BEGIN Data provided

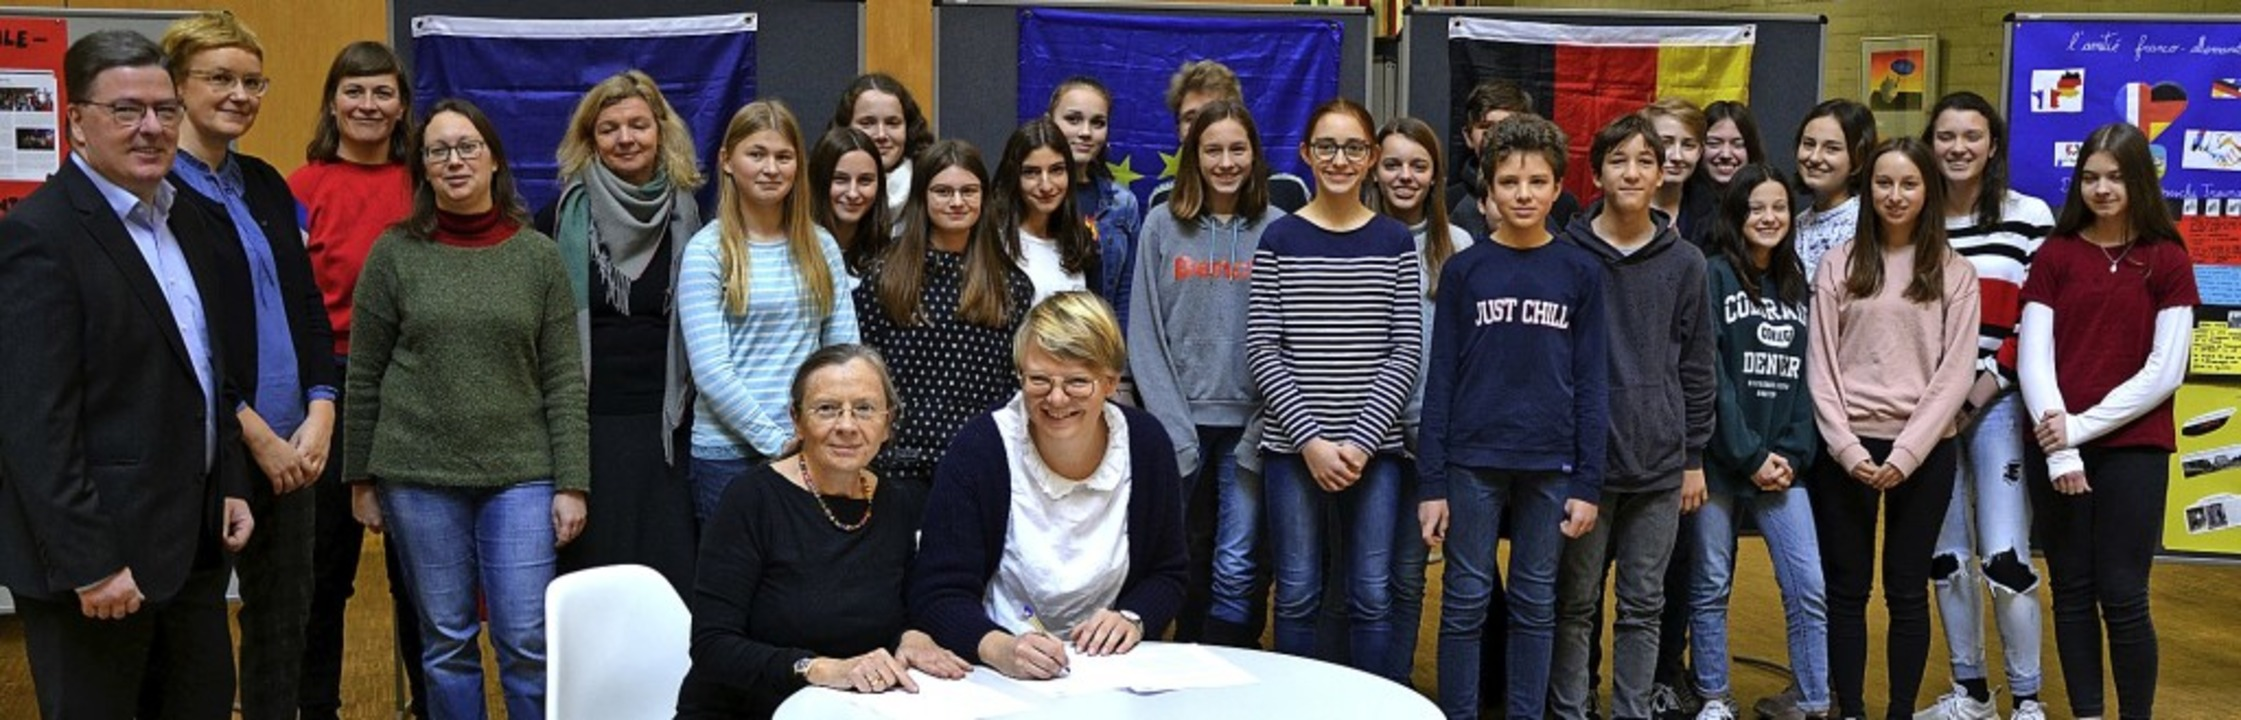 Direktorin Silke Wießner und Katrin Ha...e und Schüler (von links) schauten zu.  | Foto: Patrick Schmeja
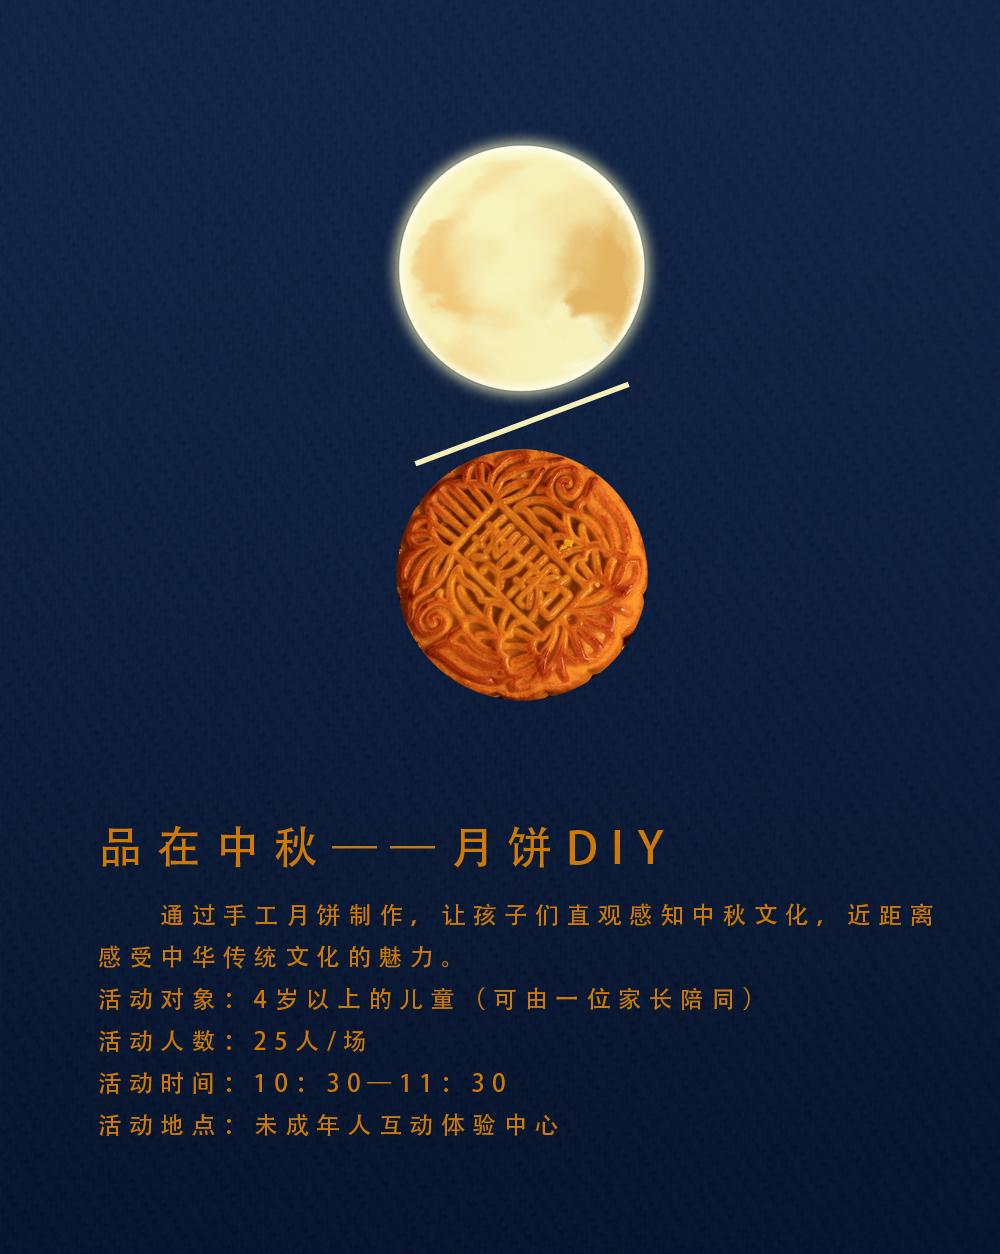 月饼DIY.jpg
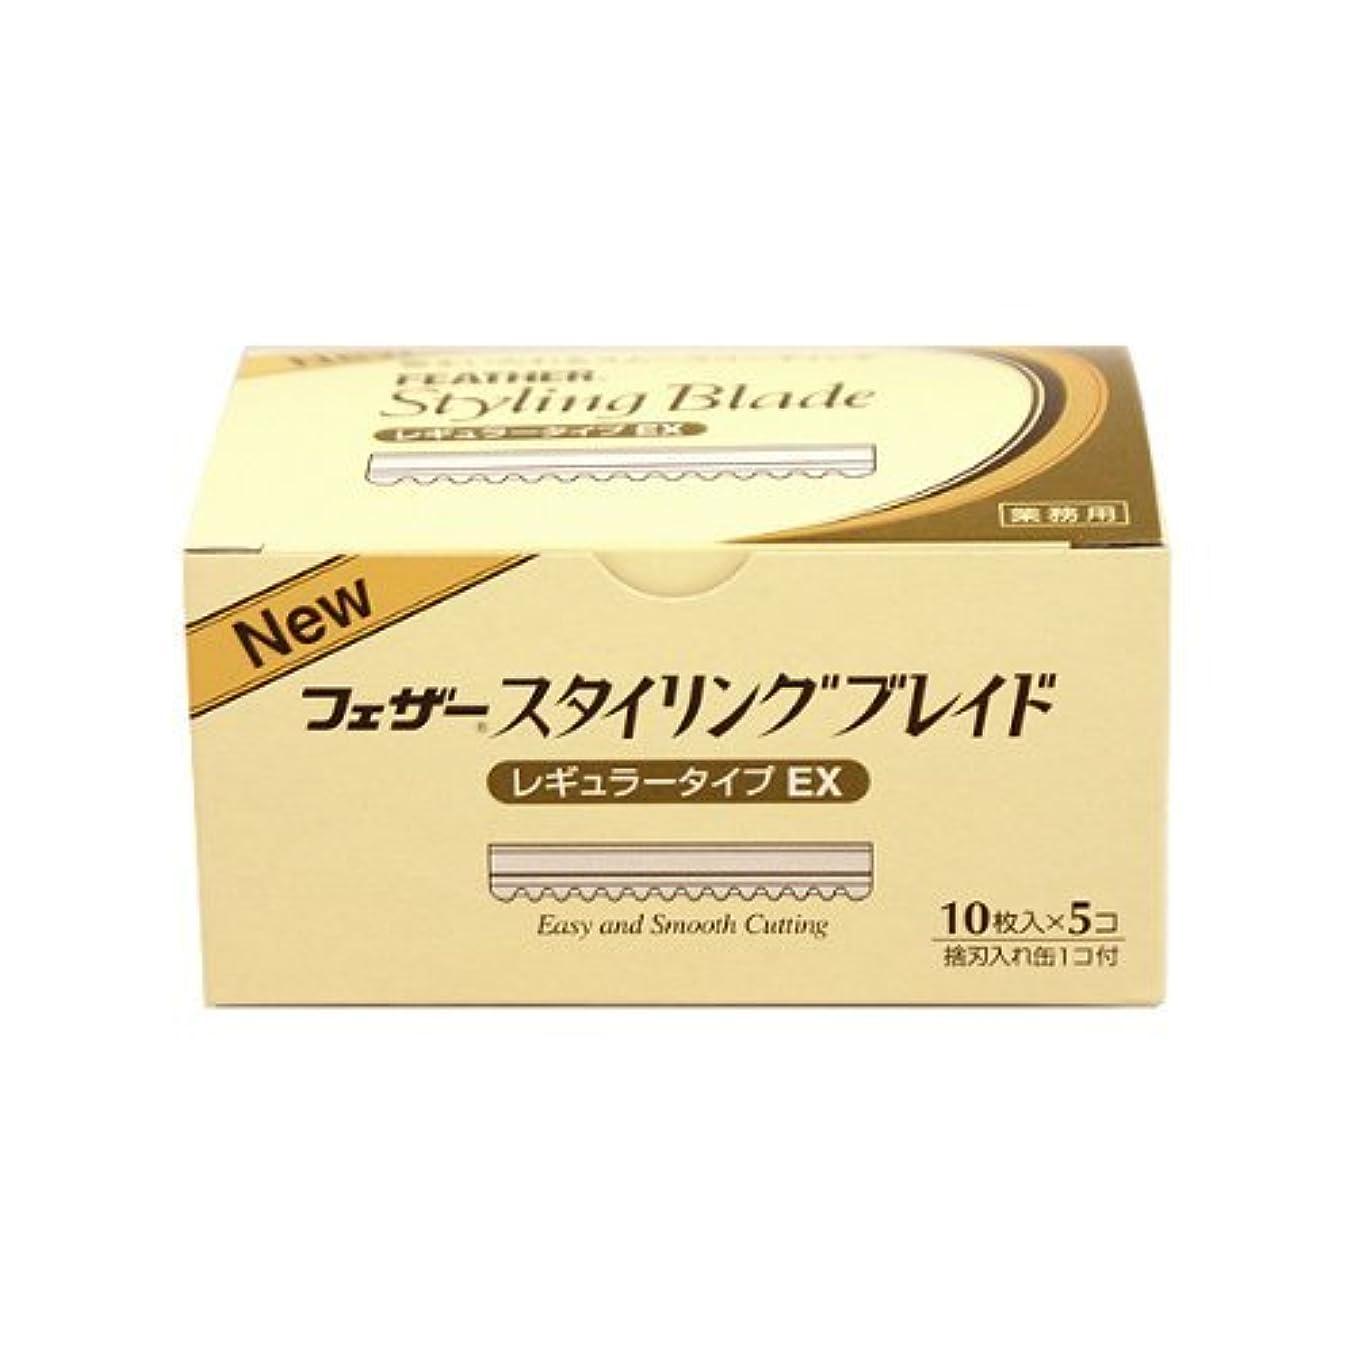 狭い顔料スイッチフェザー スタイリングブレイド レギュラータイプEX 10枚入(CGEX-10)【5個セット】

END Data provided

**Exercise details:**
Restate the whole listing above exactly, except for its images.

**Result of this exercise:**
 Direktorin Silke Wießner und Katrin Ha...e und Schüler (von links) schauten zu.  | Foto: Patrick Schmeja
 月饼DIY.jpg
 狭い顔料スイッチフェザー スタイリングブレイド レギュラータイプEX 10枚入(CGEX-10)【5個セット】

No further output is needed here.